To date, both heterogeneous and homogeneous catalysts have been widely used in the selective hydrogenation of LA to GVL. Heterogeneous catalysts, i.e., Ru-,9–14 Pt-,15 Fe-,16 Co-,17 Ni-,18 and Cu-based catalysts,16,19 exhibit good activity for LA hydrogenation. Compared with heterogeneous catalysts, homogeneous catalysts, including Ru-,20–24 Ir-,25–27 Pt-,28 and Ni-containing complexes,5,29 have higher catalytic efficiency and selectivity under mild reaction conditions. Noteworthily, Ru-containing complexes show excellent catalytic performance. Interestingly, Fu's group has pioneeringly conducted research on the hydrogenation of LA to GVL catalyzed by RuCl3·3H2O with organic base ligands using HCOOH or H2 as the hydrogen (H) source in aqueous solution.20 With H2 as the H source, CO2 addition can greatly improve Ru-catalyzed hydrogenation; however, CO2 acts as a decomposition product with HCOOH as the H source.20 Notably, supercritical CO2 is also used as a medium for LA-to-GVL hydrogenation in heterogeneous catalytic systems.30 However, this striking positive effect of CO2 on Ru-catalyzed hydrogenation at the molecular level remains unclear.
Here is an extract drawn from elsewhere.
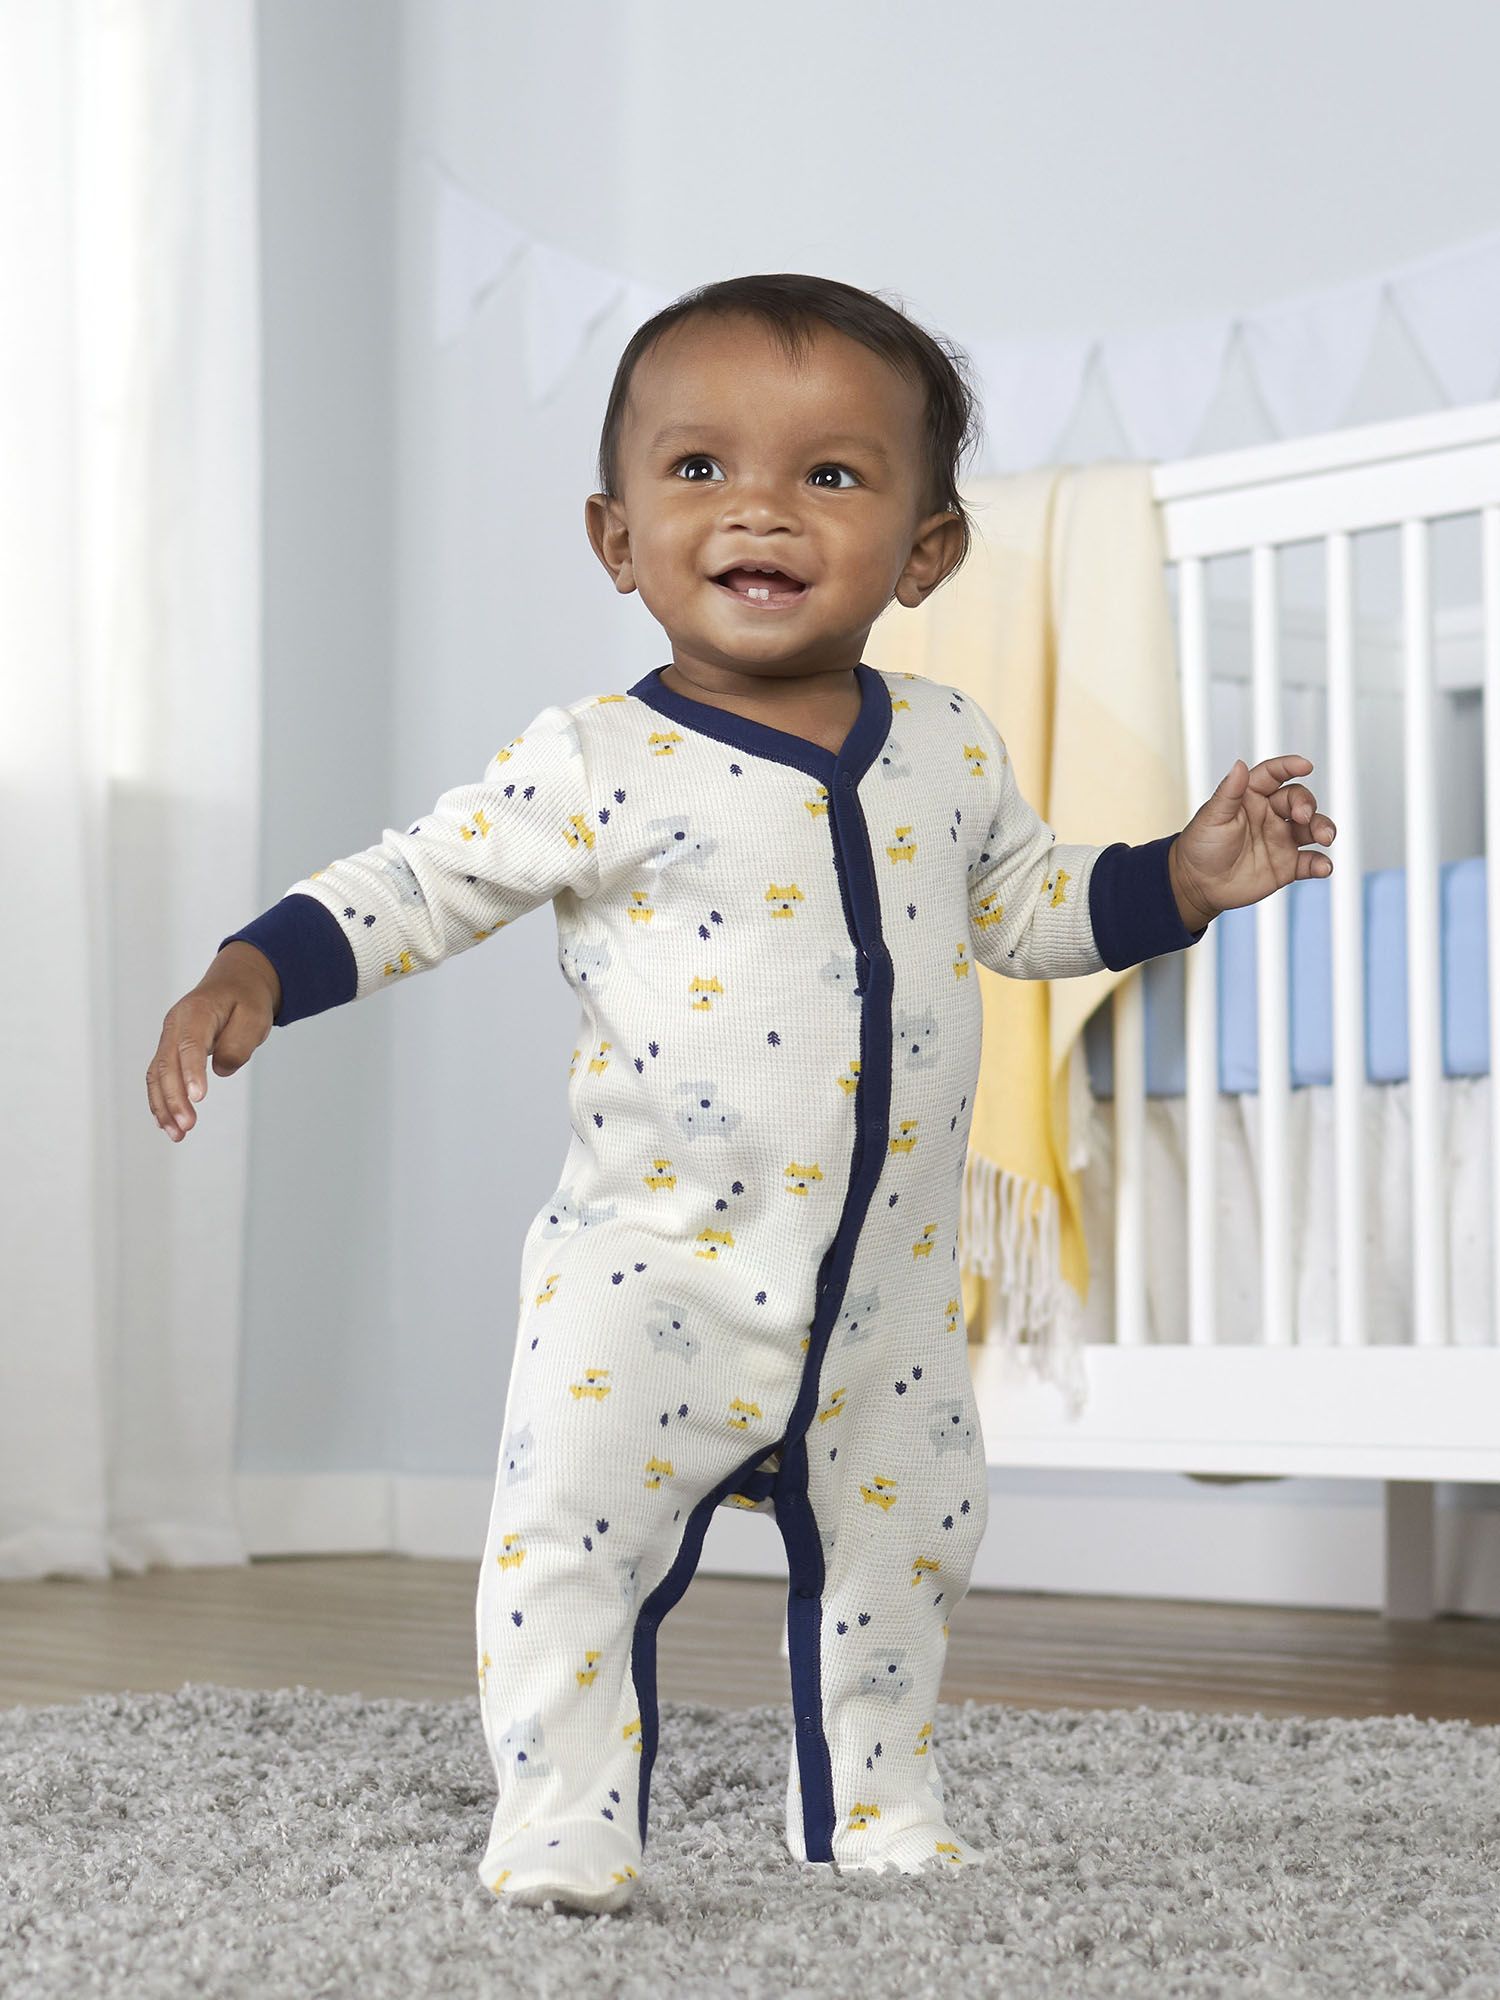 Gerber Baby Boy Thermal Footed Sleep 'N Play Pajamas, 2-Pack - image 4 of 11

In this work, we aim to theoretically explore the molecular mechanism underlying the hydrogenation of LA to GVL catalyzed by RuCl3 with an organic base ligand in aqueous solution using HCOOH or H2 as the H source. The objectives are as follows: (a) to ascertain the catalytically active species of RuCl3·3H2O in aqueous solution, (b) to clarify the difference in the reduction mechanism between HCOOH and H2 as the H source, (c) to elucidate the role of organic base ligands, and (d) to understand the origin of the promotive effect of CO2 in Ru-catalyzed hydrogenation.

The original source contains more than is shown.